All fats are not created equal. But which are good and which are not. Here are a few tips on how to choose.
Few things, aside from politics, hold more controversy in the media than nutrition recommendations. Experts from diverse professional and personal backgrounds promote their own guidelines and programs as best, while denouncing all others, much to the confusion and detriment of the general public. Nowhere is this more true than with dietary fat recommendations. Longstanding nutritional wisdom recommends a low fat diet as best, whereas recent updates have trumpeted the “Eat all the fat you want, it’s carbs that are bad!” message, which has been embraced widely. So which is correct, and does the source of fat matter?
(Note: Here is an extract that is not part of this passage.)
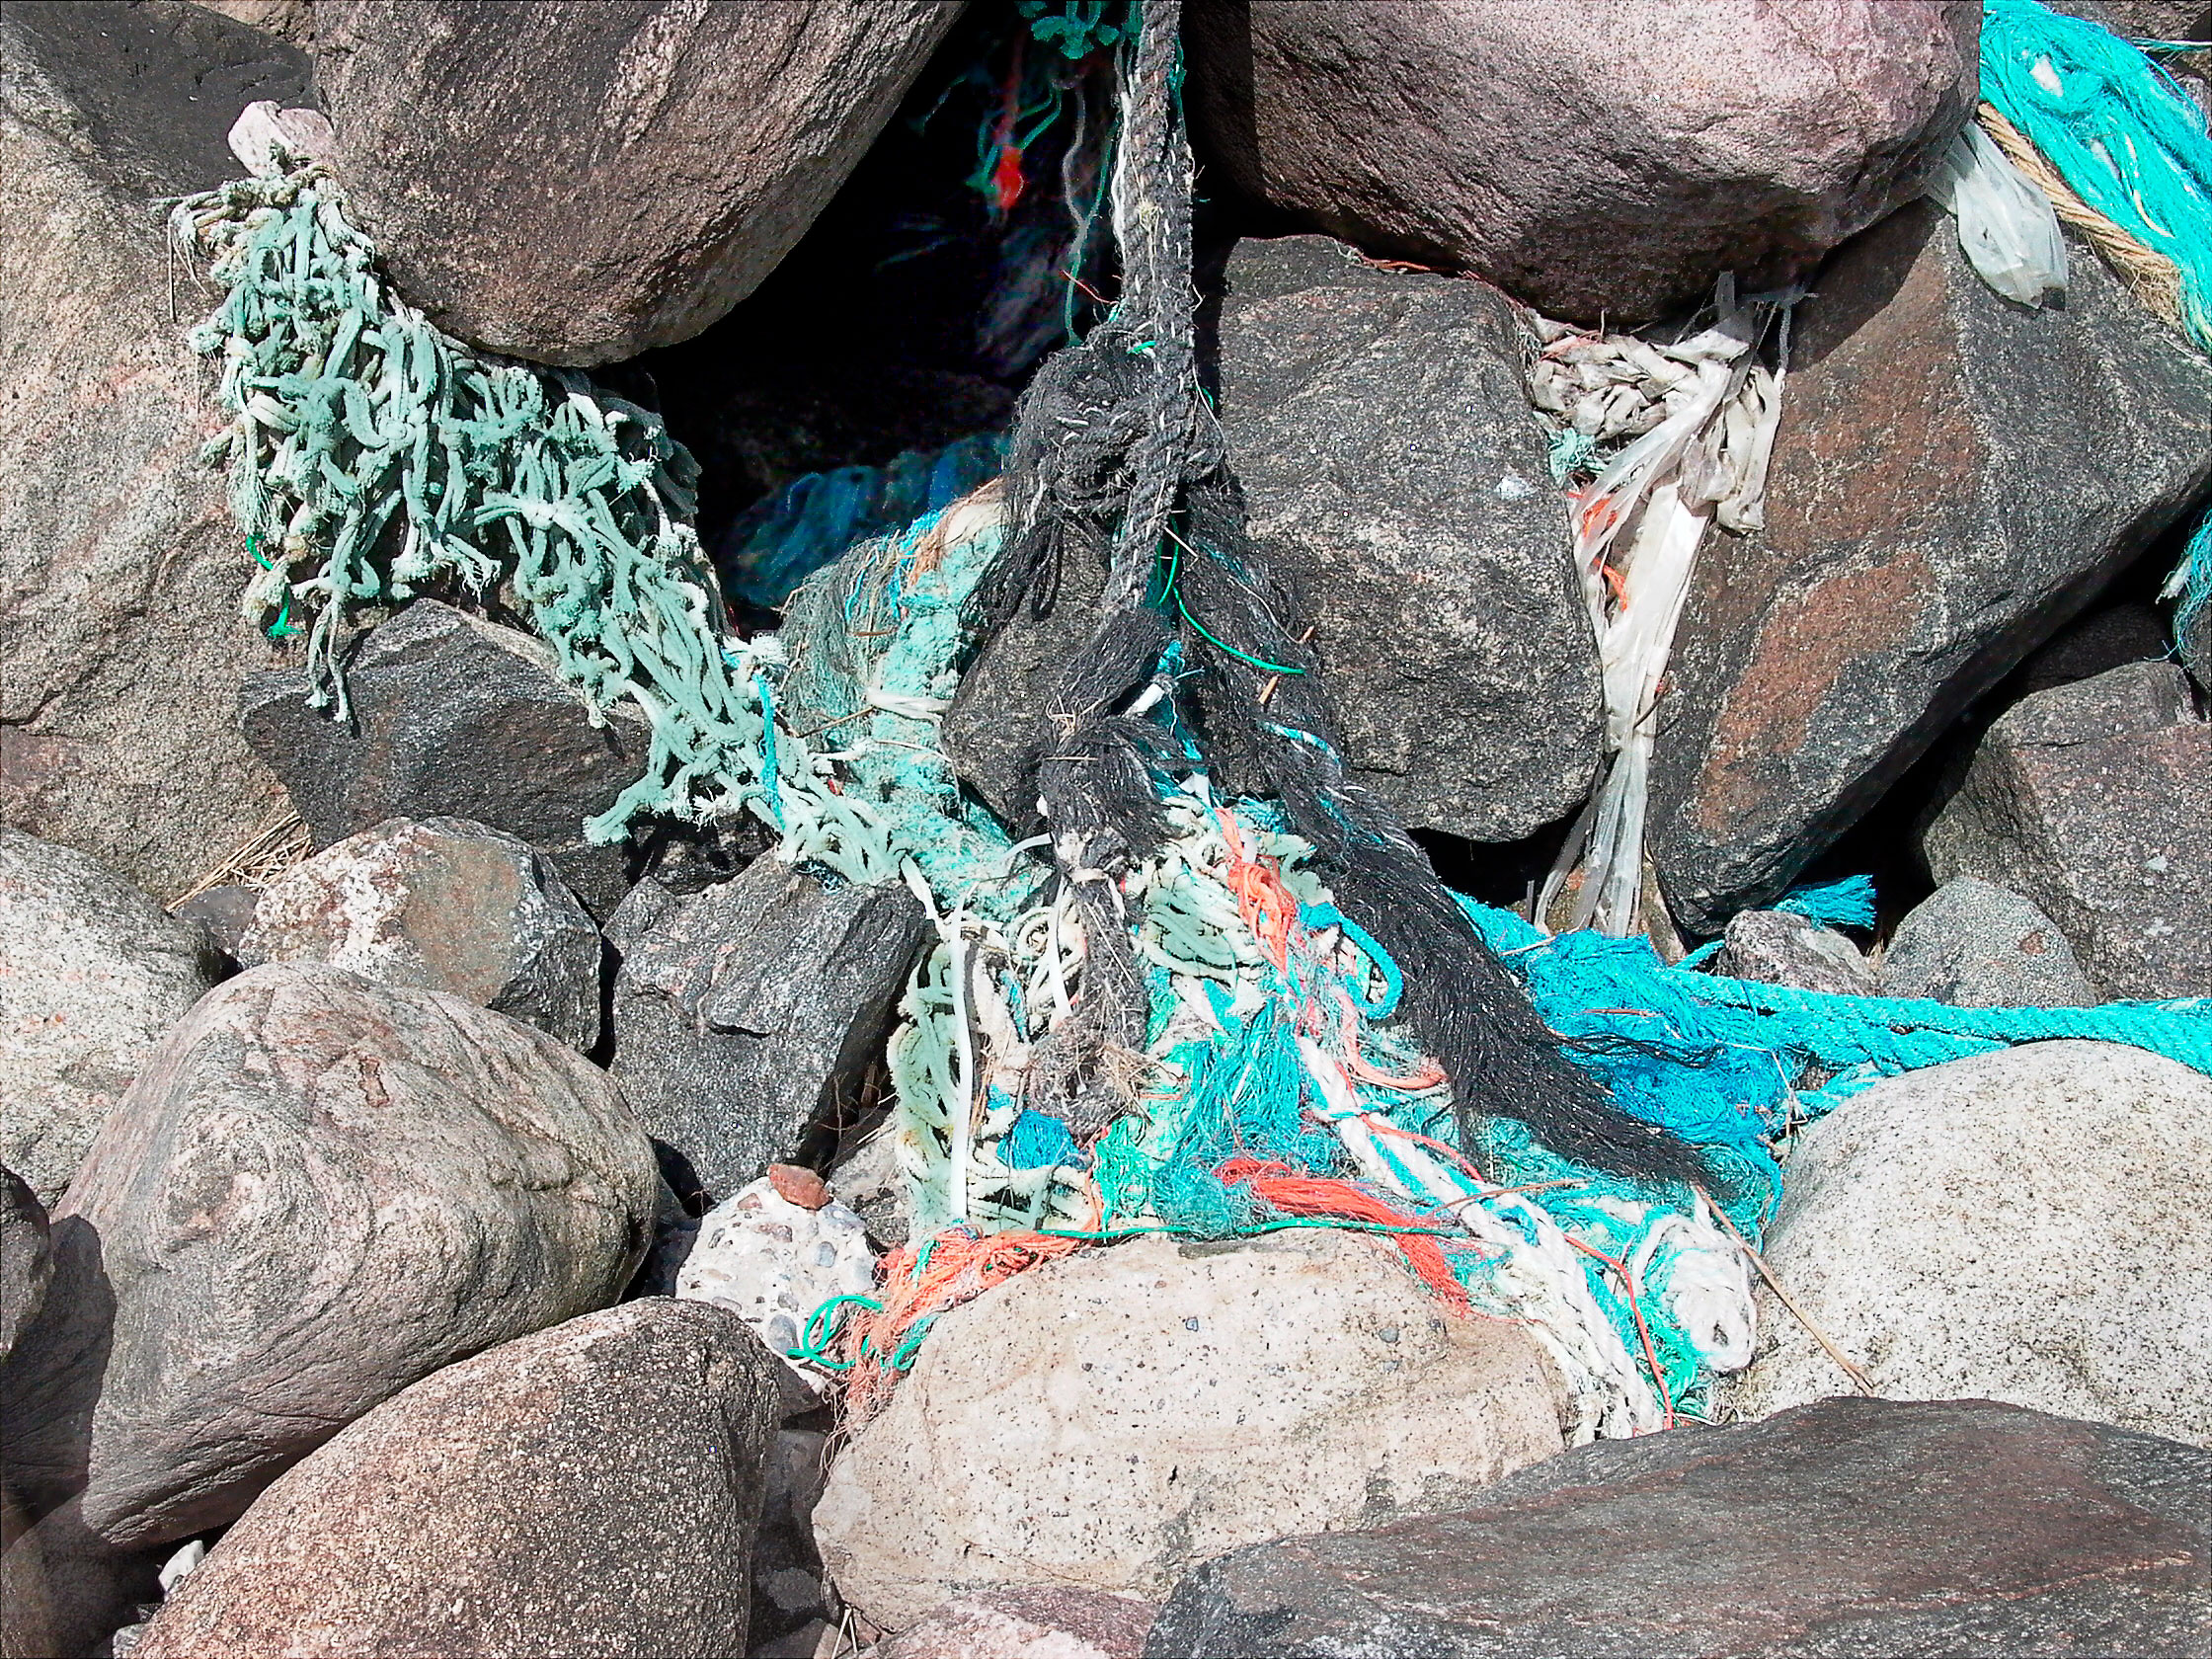 Wreckage #005  / Nr. Lyngby, Denmark / Spring_2007.

Without delving deeply into the mountain of research, I choose to recommend a low to moderate fat diet to my clients and anyone else who cares to ask. My rationale is simple; just because the previous research is old does not mean it was bad science, and looking at healthy populations around the world we consistently find that they consume moderate to low fat diets. In fact, you can research the diets of the longest lived people in the world, in places such as Linda Vista California, Bama China, or Okinawa Japan, and you will consistently find these populations eat a low fat diet and enjoy excellent health for upwards of 100 years! Not only does that evidence convince me, but eating a higher fat diet will displace the other extremely important macronutrients: carbohydrates and protein. Carbohydrates are essential because they are the primary fuel for our muscles and nervous system, and they have the greatest stimulatory impact on our metabolic rate, and protein is important for maintenance and repair of body tissues.
Due to these facts, I generally recommend my clients consume about 20% of their daily calories from sources of fat. But do the sources matter? Of course they do! As with any other nutrient you care to name, the most health supporting sources of dietary fats are whole plant foods because they contain antioxidants, fiber, concentrated micronutrients and phytochemicals. Animal sources of fat have little to none of these micronutrients and antioxidants. Animal sources also have much higher proportions of saturated fat and environmental contaminants, and contain cholesterol.
The most concentrated sources of plant fats are found in nuts, seeds, olives, and avocados. Avoid processed forms of these foods such as oils because you will be missing out on all the bonus nutrition I mentioned about And when consuming these foods it’s a good idea to err on the side of extra omega three fat sources since they tend to be harder to get in the diet. Great whole food sources of omega three fatty acids are chia seeds, ground flax seeds, hemp seeds, and walnuts.
So the next time you’re wondering if grabbing that handful of nuts is a good idea, go right ahead because, in moderation, you will be supporting your long term health. Just keep in mind that these foods are very high in calories, so it can be easy to overshoot that 20% guideline!